Marcus / Es ging uns außerdem darum, etwas für die Fans zu schaffen. Für jemanden in Frankreich sind dann vielleicht 60 Minuten von einem Konzert in Frankfurt nicht sonderlich spannend.

Beat / Der Ton ist bei Live-Tracks immer eine delikate Angelegenheit. Wie seid Ihr dieses Thema angegangen?

Max / Der Ton ist das Wichtigste bei einer Musik-DVD. Robby Jäger von „Berlin Calling“ stand als Mischtonmeister schon zu Anfang des Projekts fest. Wir haben uns vorher zusammen mit dem Sound-Designer Martin Frühmorgen unterhalten, was wir vor Ort tun können, um die Atmosphäre am besten einzufangen.

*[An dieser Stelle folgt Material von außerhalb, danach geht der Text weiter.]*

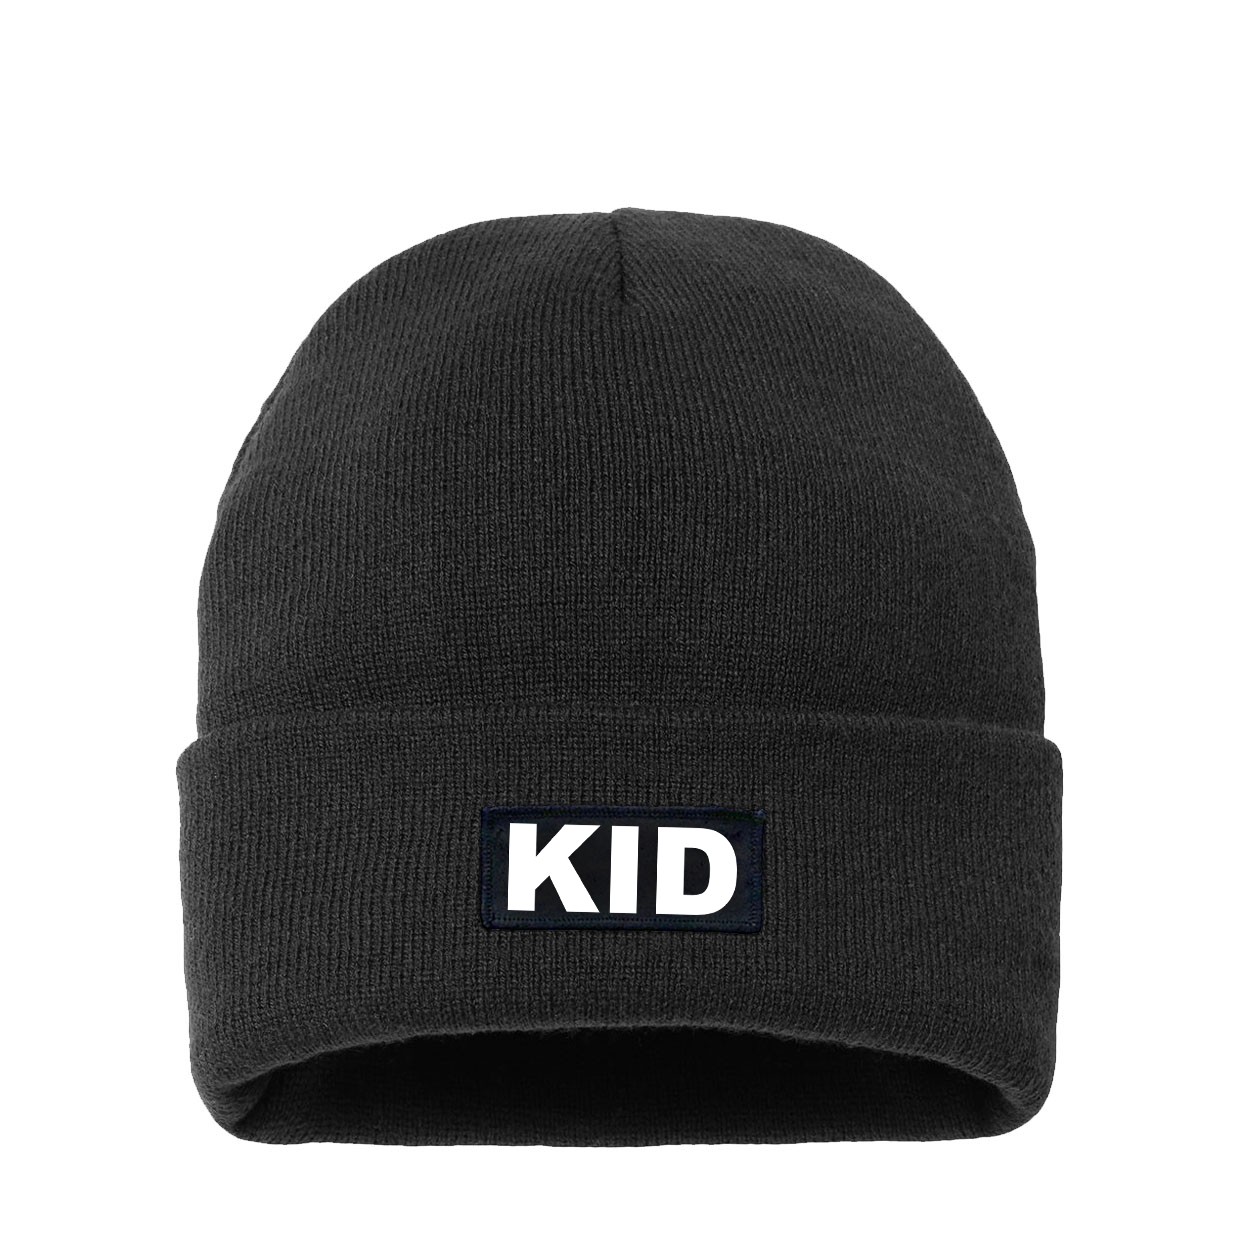 Kid Brand Logo Night Out Woven Patch Night Out Sherpa Lined Cuffed Beanie Black
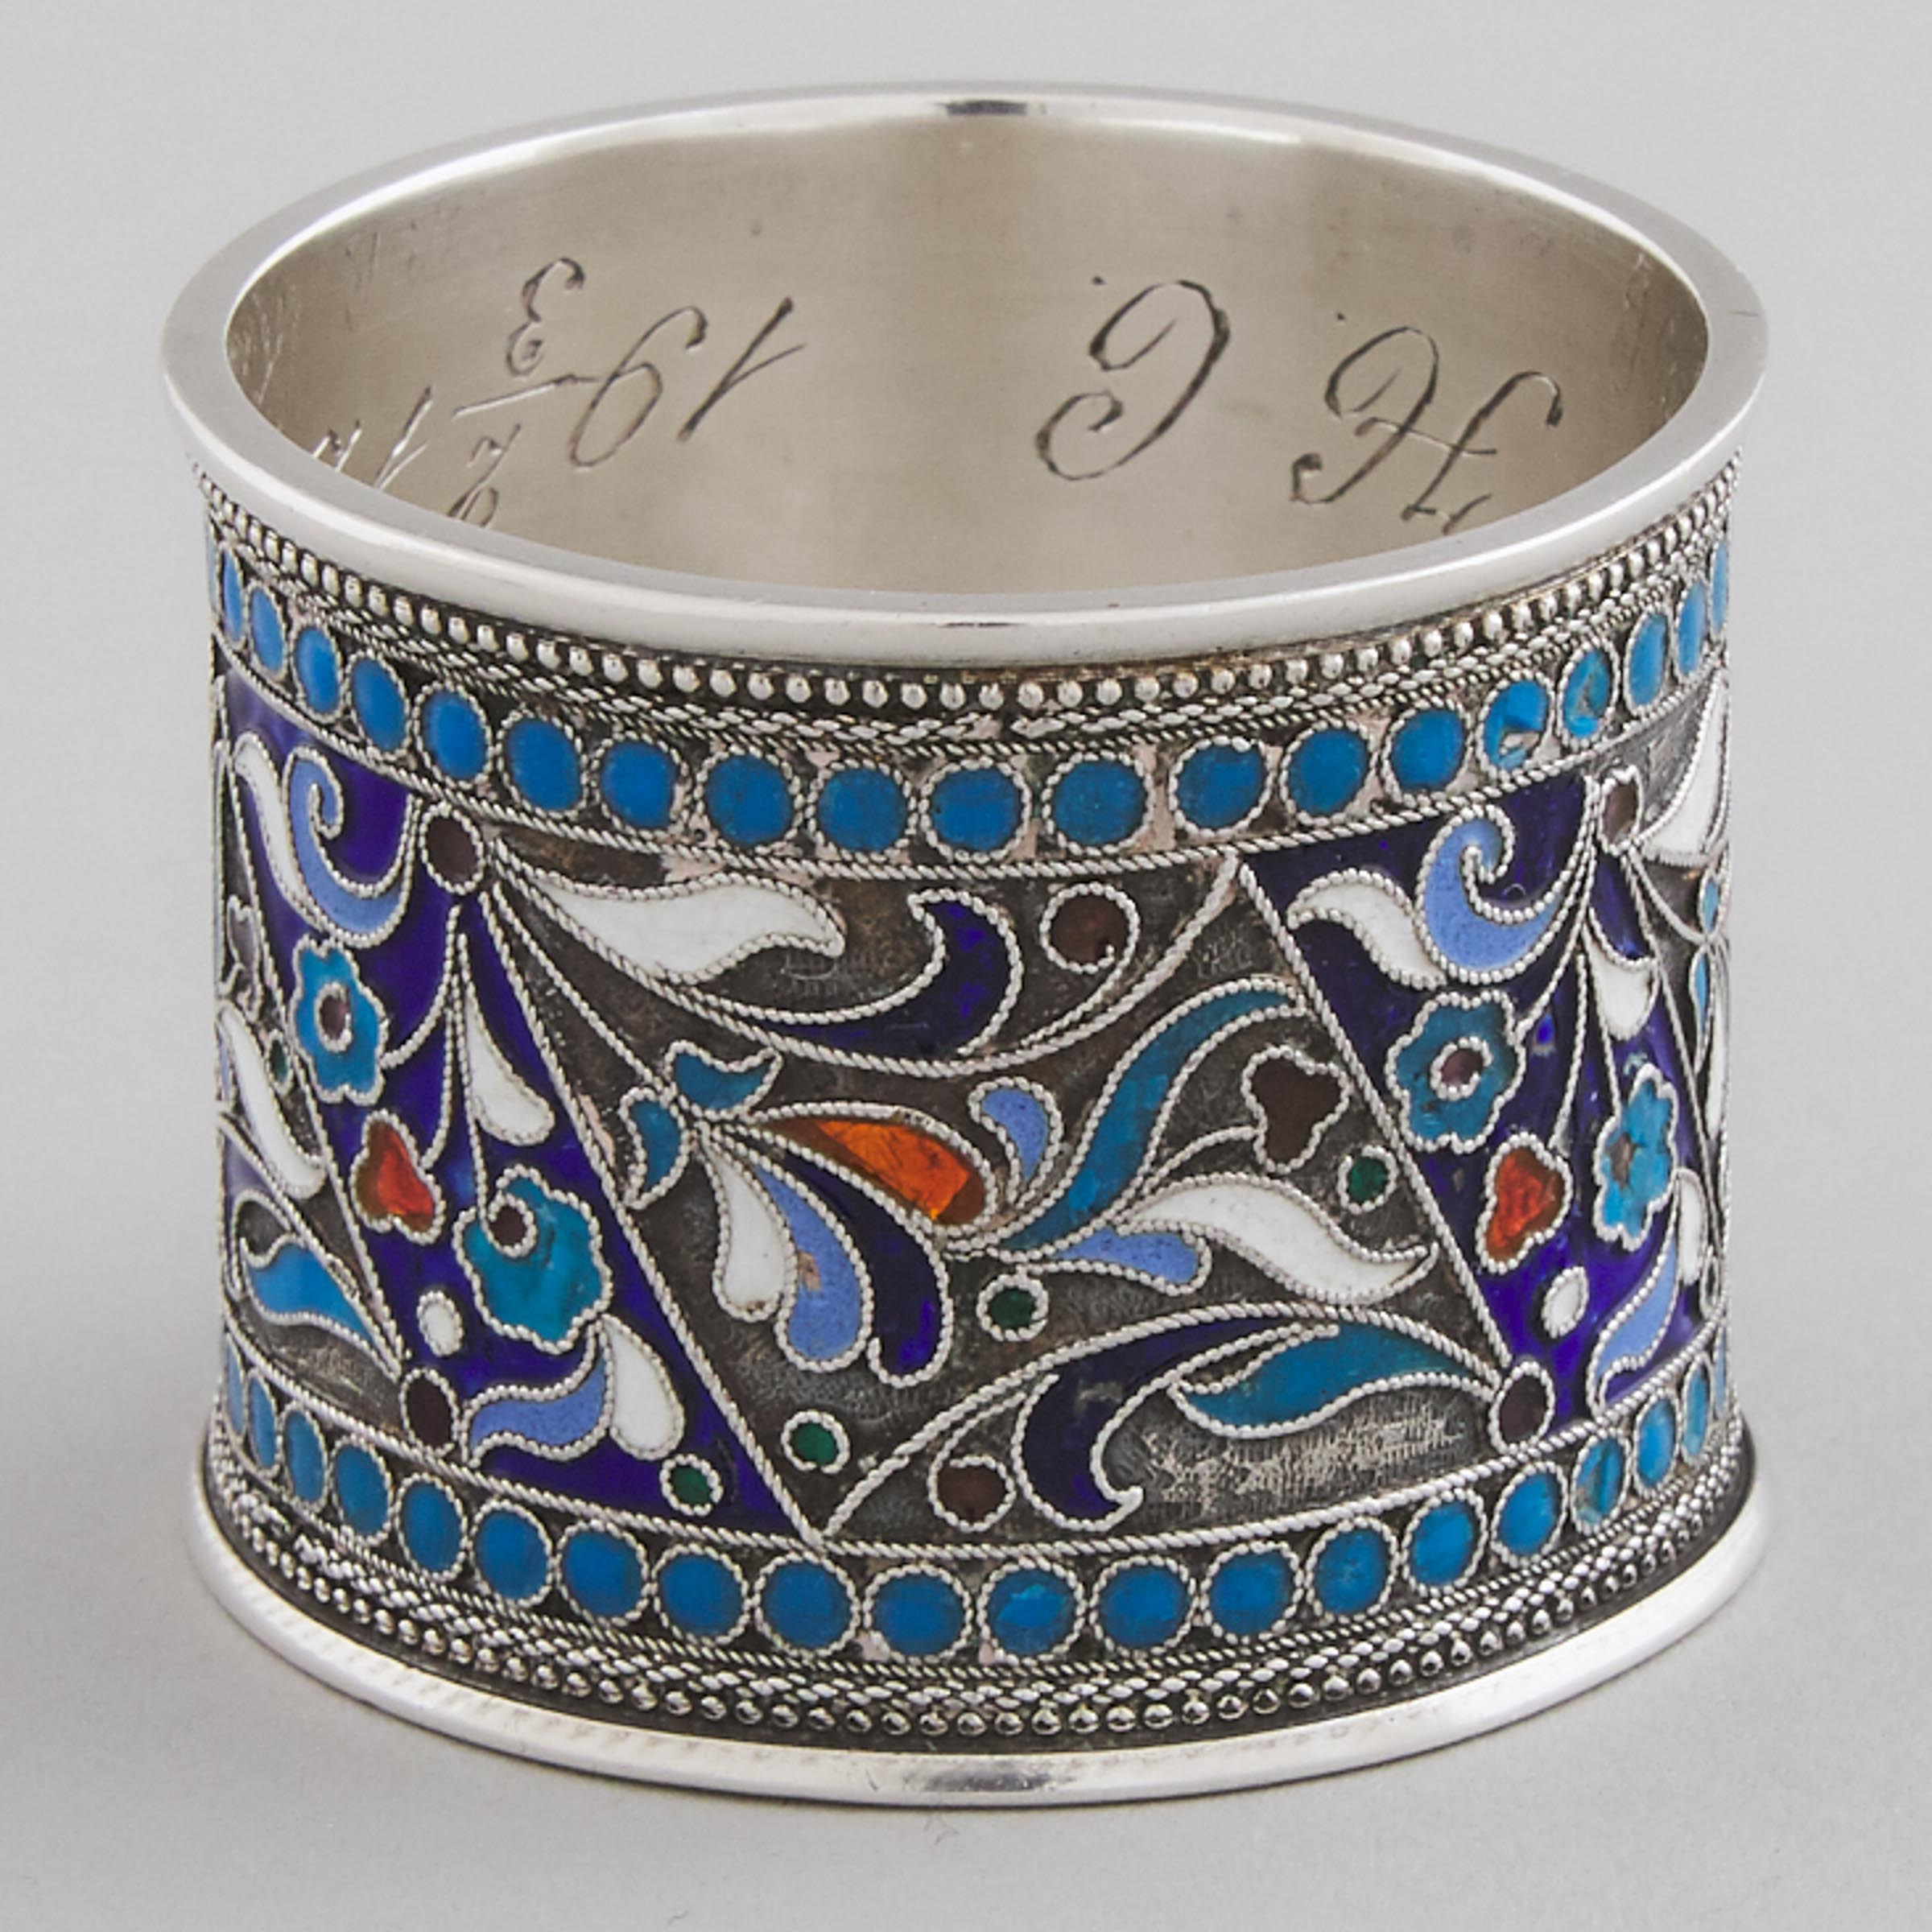 Russian Cloisonné Enameled Silver Napkin Ring, Moscow, c.1899-1908

Natürlich kann man nicht alles fehlerfrei aufnehmen, wenn man in so einem kleinen Team unterwegs ist. Paul hat die besten Gigs ausgesucht und diese haben wir als Grundlage für den Schnitt genommen. Dem Ganzen kam natürlich zugute, dass Robby schon lange in der Technoszene unterwegs ist und ganz genau weiß, was er wann hochzieht und wie das Publikum drauf reagiert.

Marcus / Wir haben den Ton direkt von Pauls Pult genommen und hatten somit immer die Version zum Venue. Das Publikum haben wir über eine weitere Quelle mitgenommen und später mit Robbies Hilfe in der Mischung versucht, alles so harmonisch wie möglich zu vereinen.

Beat / Der Pressetext beschreibt den Ansatz des Films als „intim“ und tatsächlich wird es oft durchaus persönlich. Gab es dennoch vorher eine Absprache darüber, wo man die Grenze ziehen sollte?

Max / Die Grenze ist das, was nach dem Auftritt passiert. Das bleibt im Ungewissen. Wir schauen ein wenig Backstage, belassen es aber bei kleinen Besuchen. Ich finde das auch gut so. Ich würde es eher als „Ausverkauf“ empfinden, wenn ich zu viel Privates erzähle. Das ist ja kein BILD-Zeitungs-Film.

Marcus / Beim Dreh gab es eigentlich keine Grenzen. Wobei sicherlich hier auch Material entstanden ist, dass hoffentlich niemals jemand zu Gesicht bekommt.